Когда ужин готов — зову Андрея. Он не отмахивается.
По глазам читаю — даже не злится. Но всё еще ждет. Иначе уехал бы.
Пока едим — столовая заполняется только звоном приборов. У меня сегодня получилось очень вкусно, но даже на комплименты напрашиваться не хочется. Как и трещать о ребенке.

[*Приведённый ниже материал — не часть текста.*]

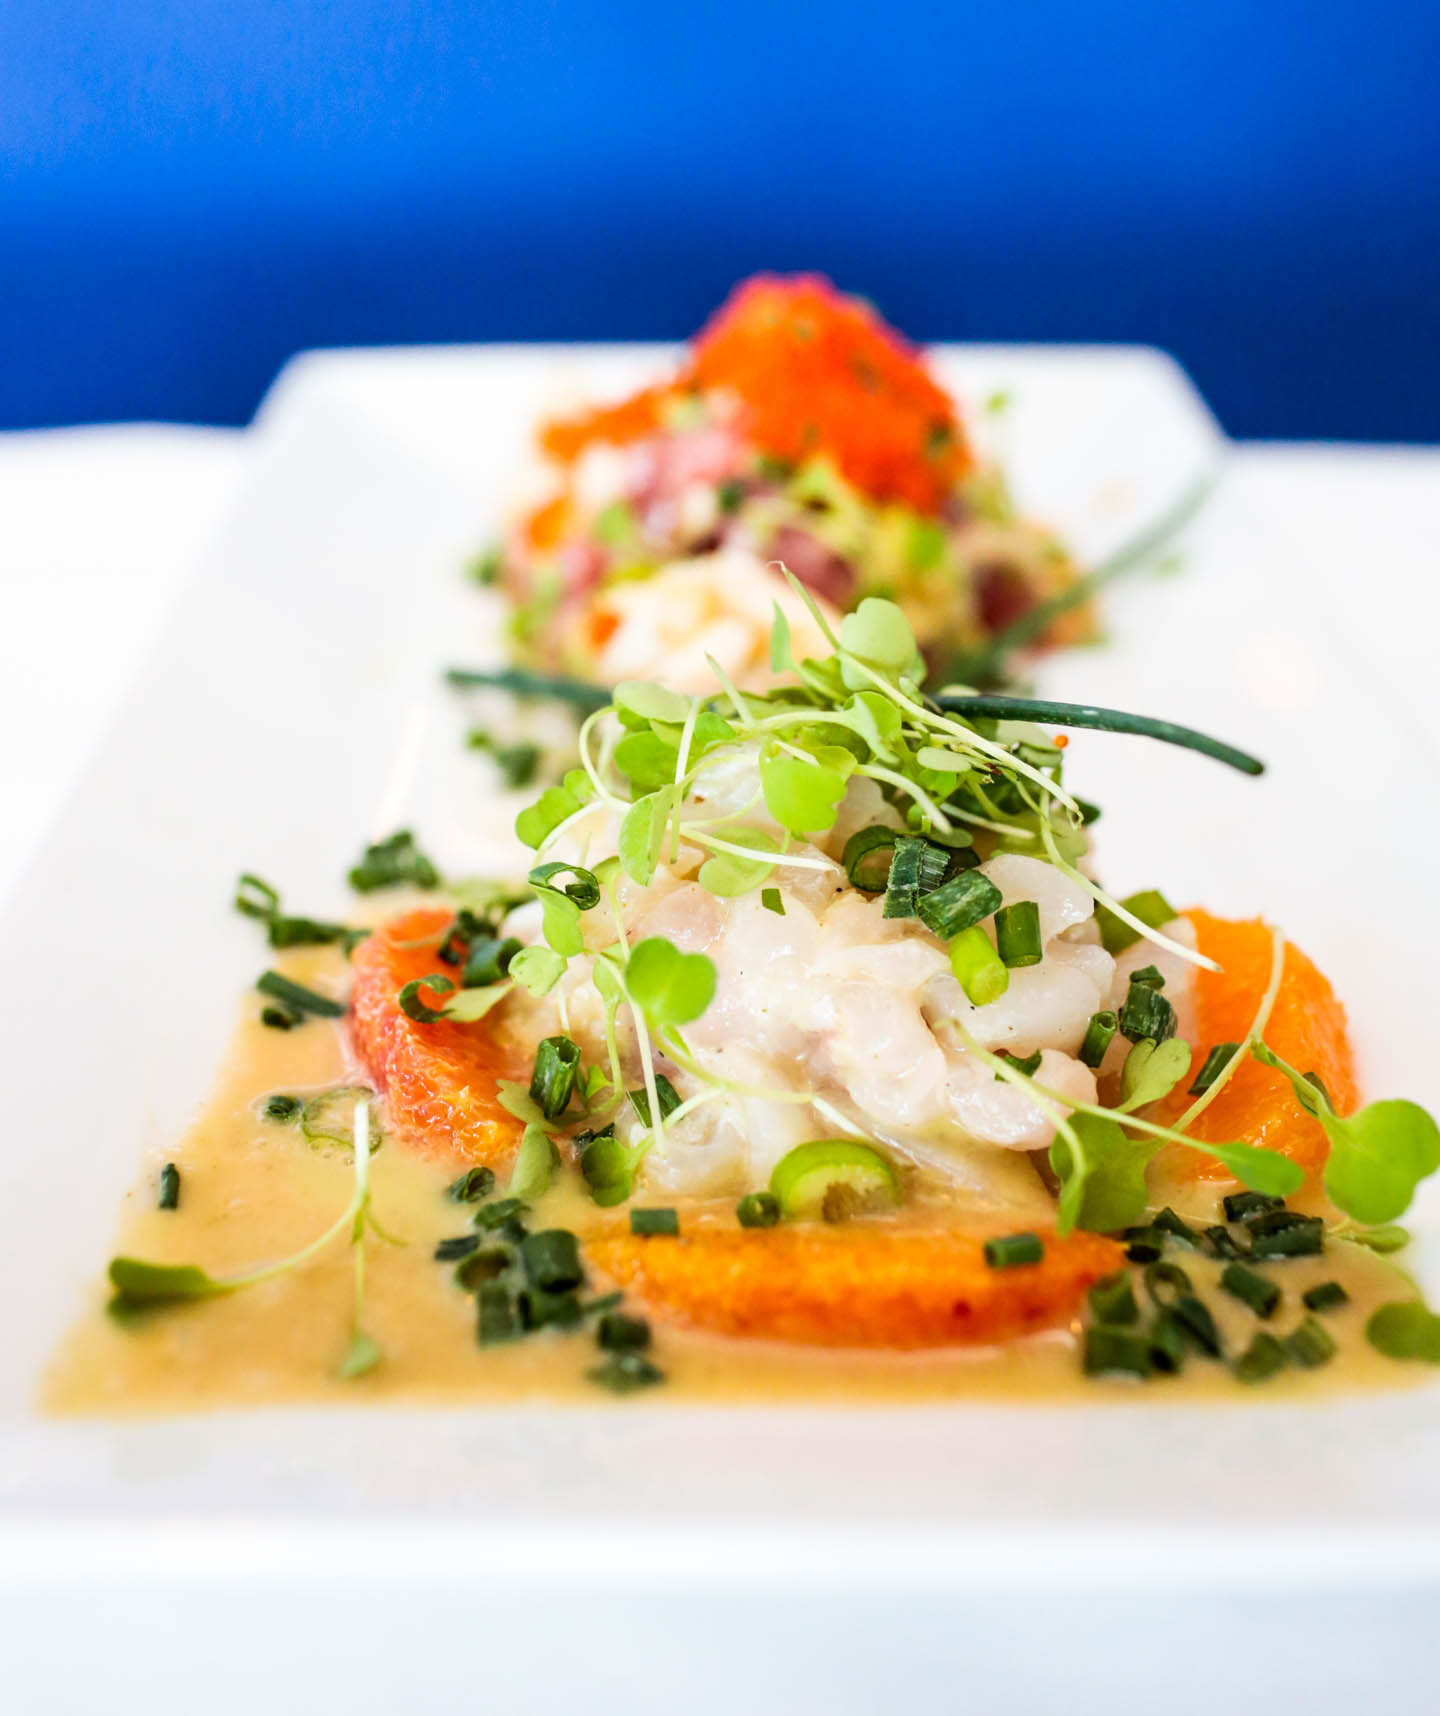 striffler-photography-lifestyle-food-Hamptons-8.jpg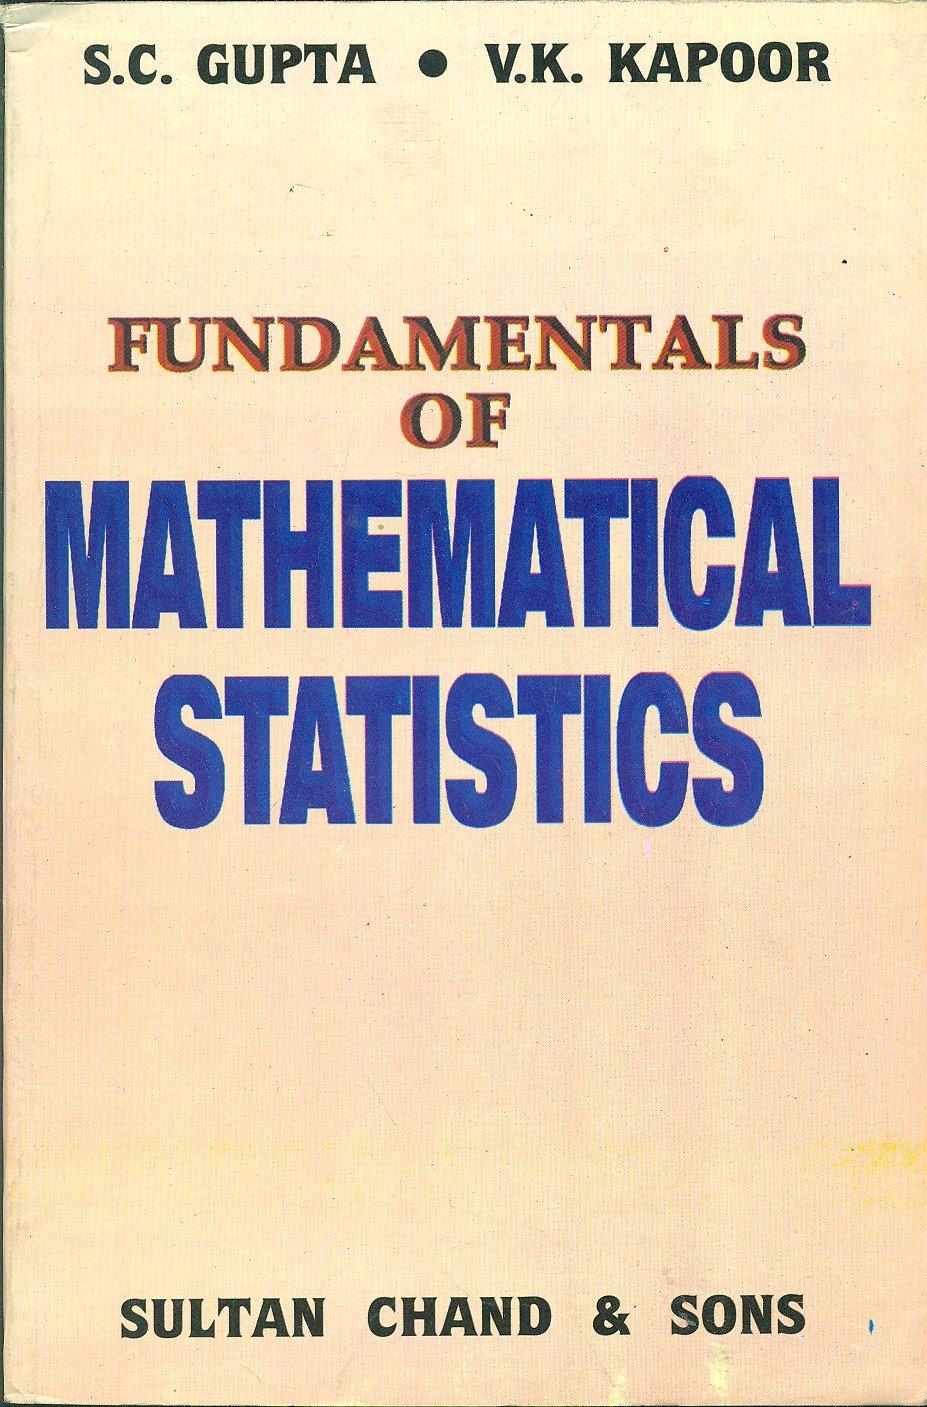 Fundamentals of Mathematical Statistics [PDF] By S.C. Gupta

— Ты нормально себя чувствуешь? — Его голос часто служил для меня залогом спокойствия. Сейчас он тоже звучит низко и уверено.
В идеальном мире я всё же хотела бы такого мужа, как Андрей, наверное. Но наш мир совсем не идеален.
Слышу:
— Извини. За всё.
И понимая, что откладывать бессмысленно. Я чуть сильнее сжимаю вилку с ножом и откладываю их. Поднимаю взгляд на мужское лицо.
Раньше мне казалось, что стол для нас слишком большой. Мы слишком друг от друга за ним далеки. Даже тепло не долетает. Теперь я понимаю, что дело не в столе.
— Я тоже хотела извиниться. Я наговорила много ужасного. Мне стыдно.
— Всё нормально, Лена. Я не хотел делать тебе плохо. И не хочу. Я не ровняю тебя с бывшей женой.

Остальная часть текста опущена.